EX-99.1 2 v113076_ex99-1.htm
Exhibit 99.1

News Release
FOR IMMEDIATE RELEASE


Memry Corporation Q3 FY’08 Revenue Up 11.6% to
$13.6M; Net Income $0.01 Per Diluted Share
Polymer segment posts 19.1% revenue growth; nitinol segment up 7.8%

Bethel, Conn., May 7, 2008 -- Memry Corporation (AMEX: MRY) reported today that revenues for the third quarter of fiscal year 2008 ended March 31, 2008 increased 11.6% to $13,628,000, compared with $12,212,000 reported in the comparable quarter a year earlier. The company reported net income of $166,000, or $0.01 per diluted share, compared with a net loss of $460,000, or $0.02 per diluted share, in the comparable quarter of fiscal year 2007.

Revenues for the first nine months of the 2008 fiscal year increased 7.1% to $41,287,000 from $38,548,000 in the first nine months of fiscal year 2007. Net income for the first nine months of fiscal year 2008 increased 184% to $781,000, or $0.03 per diluted share, compared to $275,000, or $0.01 per diluted share, for the same period in fiscal year 2007.

Memry Chief Executive Officer Robert Belcher said, “We had solid growth this quarter versus the third quarter of fiscal 2007 in both our nitinol and polymer segments.

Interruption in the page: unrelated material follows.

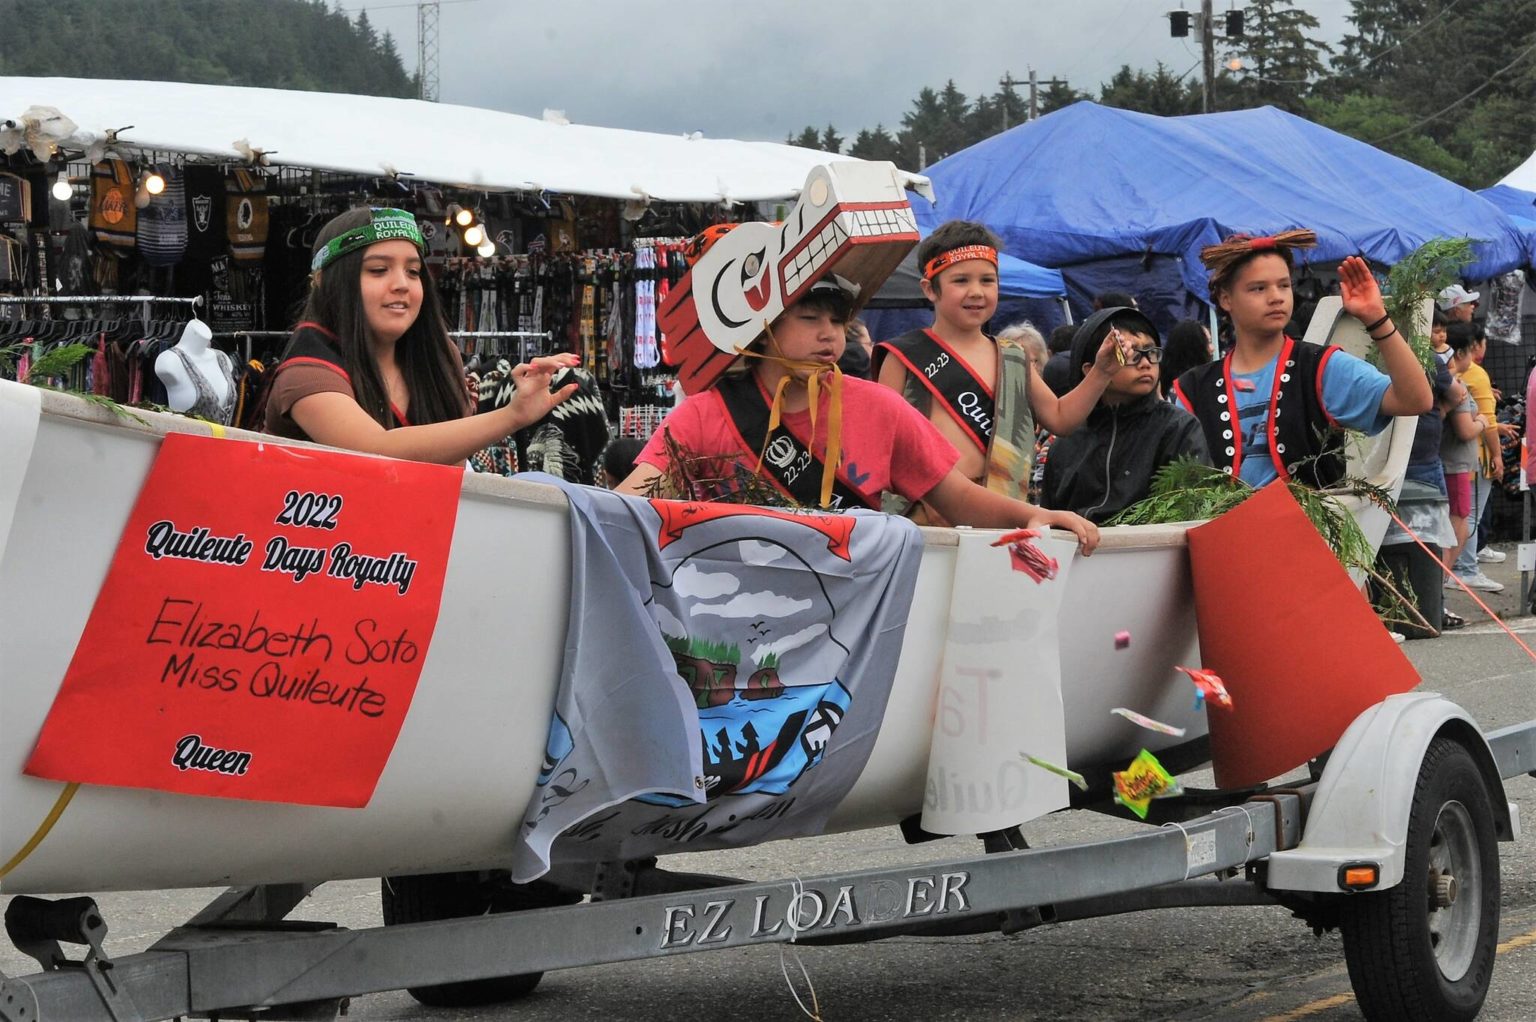 2022 Quileute Days Forks Forum

We are pleased that our revenue improvement strategy is yielding progress in both lines of business. Our polymer segment posted a 19.1% increase in revenues to $3,897,000 compared with $3,273,000 in the same quarter a year ago. Our nitinol segment was up 7.8% to $9,747,000 compared to $9,041,000 in the third quarter of FY’07.

“In the nitinol segment, we increased our revenue through higher sales volumes of both wire and tube-based stent components. The nitinol products segment operated at a higher gross margin in the quarter than in the same period in fiscal 2007 mainly due to the 7.8% revenue increase in the segment, but also due to a shift in the product mix of shipments towards those products with higher gross margins, such as nitinol superelastic tube, laparoscopic devices and both wire and tube-based stents. We also increased unit sales for our mature Endocatch™ products even though the revenue growth from the increased volume was partially offset by predetermined contractual pricing declines on this product. Sales of superelastic nitinol tube were also strong in this quarter compared to a year ago.

“The polymer segment’s 19.1% increase in revenues reflected sales of higher margin coextruded parts and secondary operations product lines, offset in part by higher production spending to sustain the anticipated growth in secondary operations. We saw increased shipments of products to new and existing customers and guidewire products to one customer, as well as revenues from secondary operations. The polymer products segment’s gross profit as a percentage of revenues increased to 30.8% in the third quarter of fiscal 2008 from 27.8% in the third quarter of fiscal 2007,” Belcher said.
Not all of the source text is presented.